Being a six-year-old mom, I would say, I seen through many negotiations and tantrums only to fall flat on my face, in an attempt to feed my little one the “mighty vegetables”.  Until one fine day, I sat myself down and thought about – how can I make vegetables interesting? I am not the only mom struggling with this issue and there must be ways beyond pureeing them all up (btw pureed veggies suck! )? I started reading food blogs, spoke to my mum and just simply tried making food from my perspective as if I would have to eat it and there on – ideation and innovation in cooking for my bub came very easy.

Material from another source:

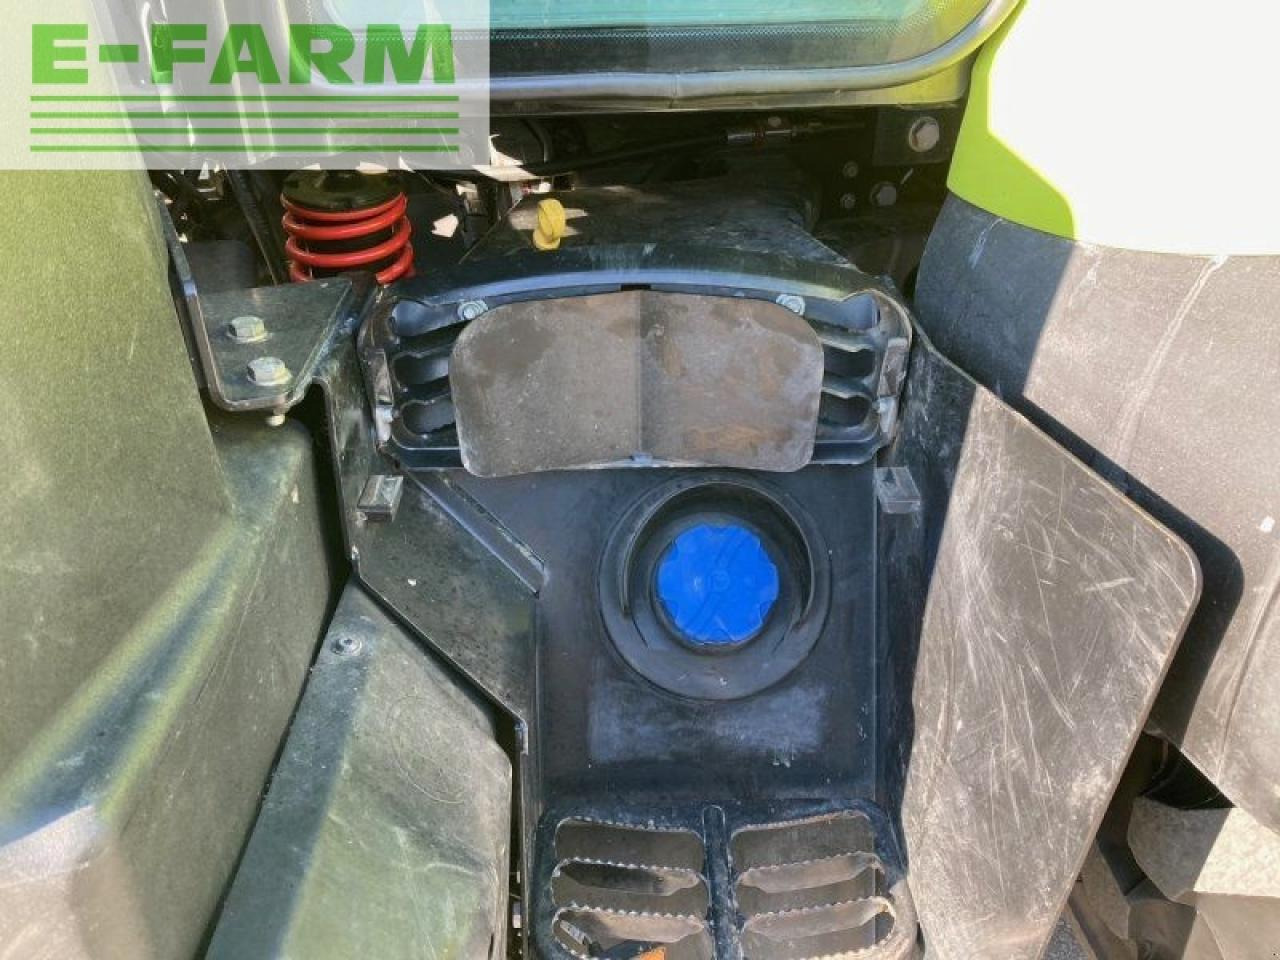 Farm tractor CLAAS arion 510 cmatic cis+

Read Also: Milk intolerance in babies

A few things to keep in mind, while trying to feed your kids vegetables:

  • A little effort while plating the food goes a long way, make the plate visually appealing for the child – if it looks interesting the kid will be more than willing to eat. Look up a plethora of ideas on Pinterest.
  • Know your child’s pallet, there would always be a few vegetables that your kid doesn’t like, which is okay. Focus on what he/ she likes very much or even moderately.
  • Make dinner time sacrosanct, without any distractions of screen time or playing while eating. Mealtime should have more of conversation, so the child focuses on eating and gets to know the taste of food, this way they will remember what they ate.
  • Give colour to the pallet to make it look interesting. In Indian cooking, we tend to use turmeric which makes the whole dish yellow, ditch this spice occasionally and cook with natural veggie colours.
  • Don’t give up too soon.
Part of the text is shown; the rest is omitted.